Good news! KDE's PDF viewer Okular (with backend Poppler) now supports embedded digital signatures in PDFs, similar to how Adobe Reader does it. Details are found in a post by TU Dresden, who has sponsored the implementation of this feature.
The feature is expected to appear in releases from April 2021 (Okular v21.04, Poppler v21.01). As of December 2020, it is already possible to compile the current development version of Okular and the Poppler PDF library locally to obtain the feature. Instructions and a build script are provided with the TU Dresden post.
I have completed the installation using the instructions in the script (watch out for truncated lines in the online-preview!) on KDE Neon 5.20 (based on Ubuntu 20.04 LTS) using Poppler as of Commit 407293bf and Okular as of Commit 110ccd61 (future versions should of course continue to work, so this is just for full reproducibility). I have installed under /usr/local/
and created a start script okular-sign
with the variable definitions as in the TU Dresden manual. The new version of Okular identifies as "Version 21.03.70". As typical for KDE, this "local" version of Okular does interfere with the official one from the distribution, which is partly changed to the new version even when starting the old binary (presumably this is due to KDE's system-wide registration of "parts" or some such component). I hope that it will be possible to revert to an official version when signing support is released in my distribution's packages.

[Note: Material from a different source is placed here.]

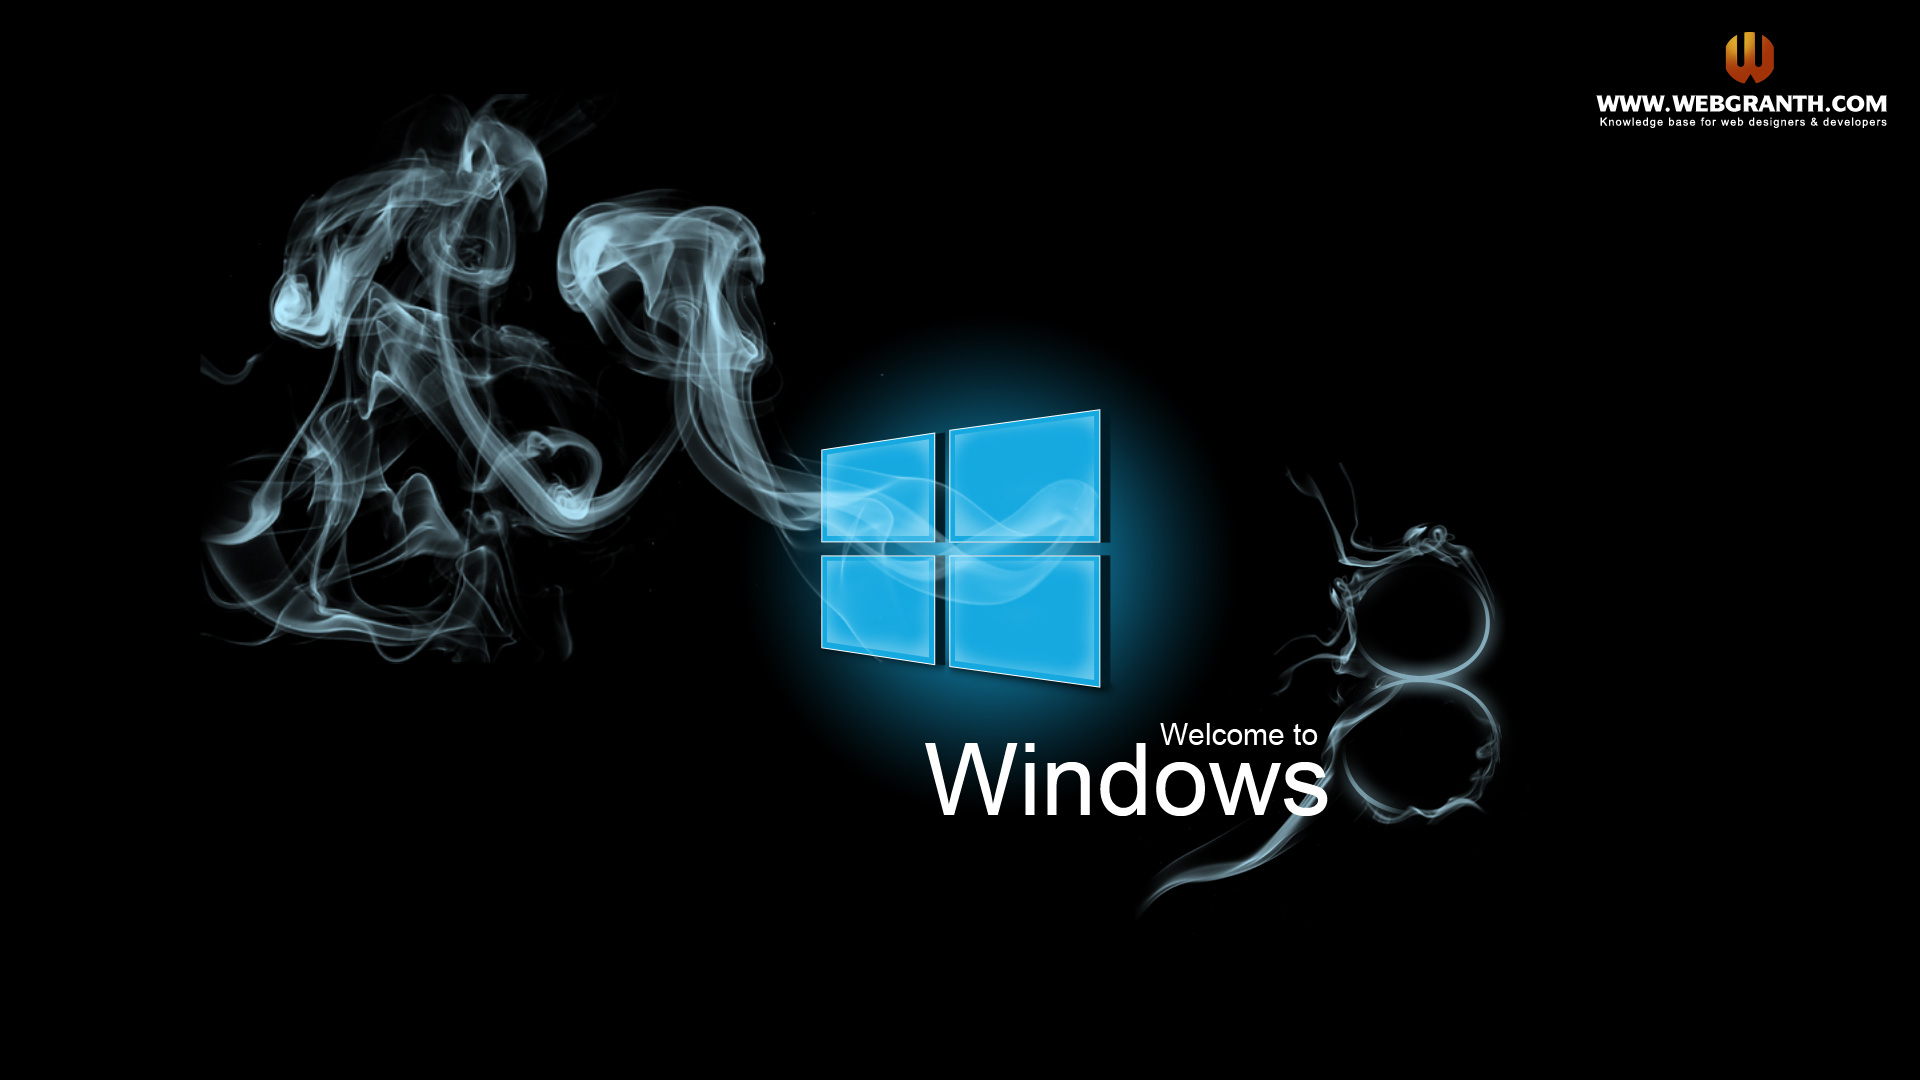 Free Windows 8 Wallpaper Backgrounds 2jpg 1920x1080

After successful installation, I could create a digital signature as advertised in the post:
- Open a PDF
- Click 'Digitally sign' in the 'Tools' menu. Alternatively add the
"Digitally sign" icon in your preferred tool bar and click it.
- Draw a rectangle where you want to have the visible hint for the
electronic signature.
- A dialogue will ask for the private key to use, in case there are
multiple. Select the one you want to use.
- Enter the passphrase of your key.
One is prompted to save the signed PDF under a new file name after that.